More light shed by Hubble

A stellar nursery in another galaxy

A picture taken of a nearby star cluster is yielding insights into the evolution of the early universe. Our Science Editor David Whitehouse reports.

The Hubble Space Telescope has taken a remarkable image of young, hot stars nestled in an embryonic cloud of glowing gases.

The stellar nursery, called N81, is located 200,000 light- years away in the Small Magellanic Cloud (SMC), an outrigger galaxy of our Milky Way.

According to astronomers the cloud offers a unique opportunity for a close-up view of the "starburst firestorm" that accompanies the birth of massive stars, each brighter than 300,000 of our suns.

Such galactic fireworks were much more common billions of years ago in the early universe, when most stars were formed.

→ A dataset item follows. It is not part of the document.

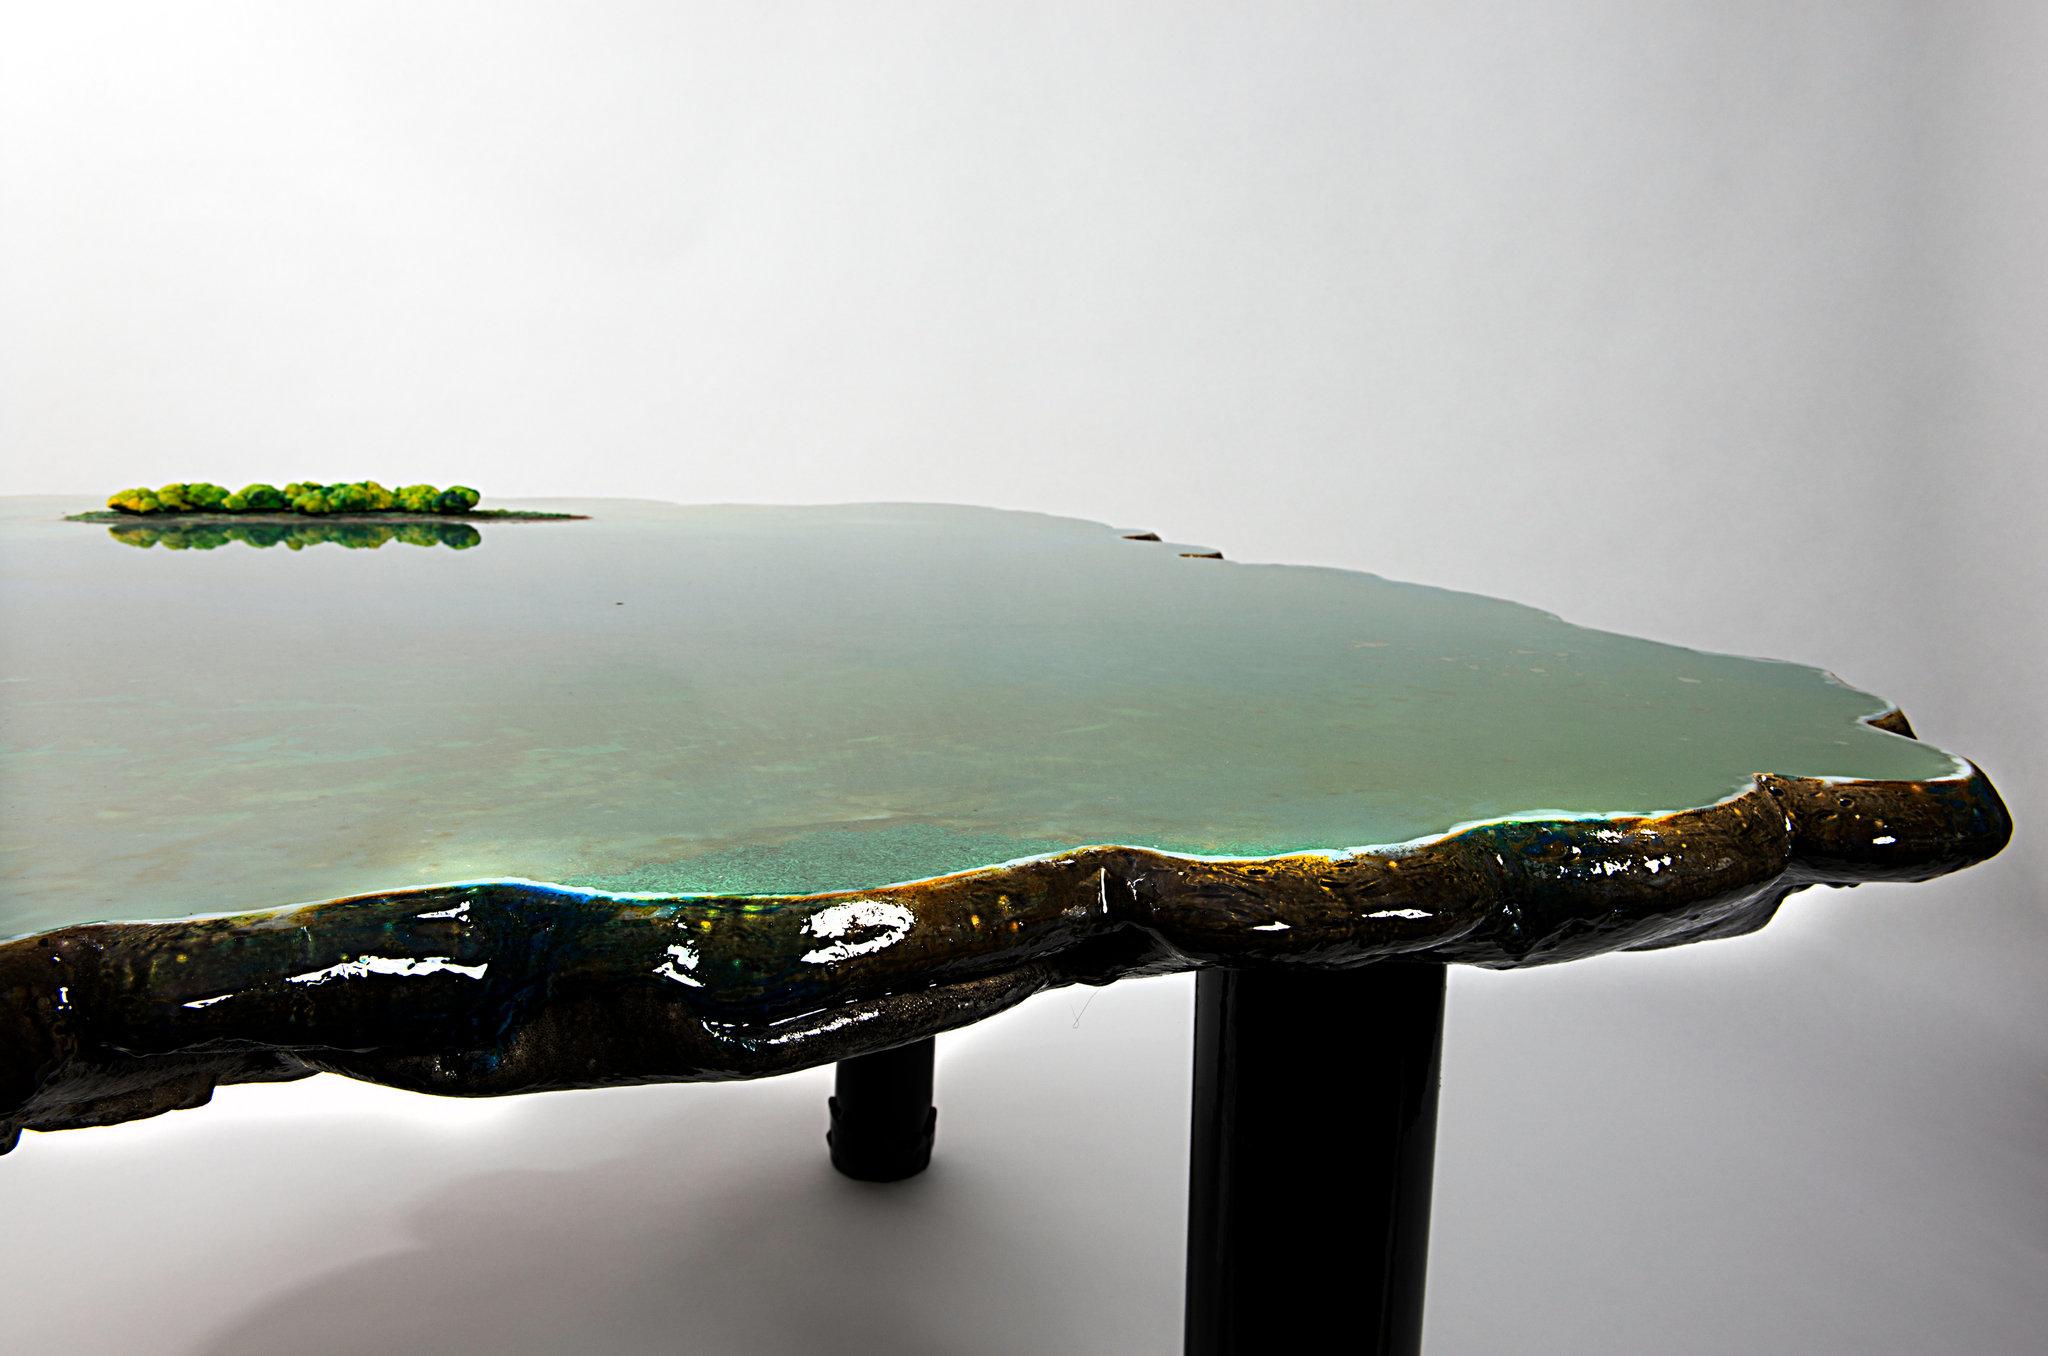 9 gaetano pesce pond table david gill galleries london italian furniture interior design home decor wloskie meble luksusowe projektowanie wnetrz sebastian piras nytimes

[ image: Close-up of young massive stars]
Close-up of young massive stars
"This is giving us new insights into star formation in far away galaxies that existed long ago," said Mohammad Heydari-Malayeri, the head of the international team of astronomers which made the discovery using Hubble's Wide Field and Planetary Camera 2.

The details that the Hubble Space Telescope can see allows astronomers to pinpoint 50 separate stars tightly packed in the nebula's core within a 10 light-year diameter - slightly more than twice the distance between earth and the nearest star to our sun. The closest pair of stars is only a third of a light-year apart.

These observations show that massive stars may form in groups. "As a result, it is more likely some of these stars are members of double and multiple star systems," added Heydari-Malayeri.

The Hubble picture reveals dramatic shapes sculpted in the nebula's wall of glowing gases by violent stellar winds and shock waves.

Before the Hubble observations, N81 was simply dubbed "The Blob" because its features were indistinguishable in ground-based telescopes.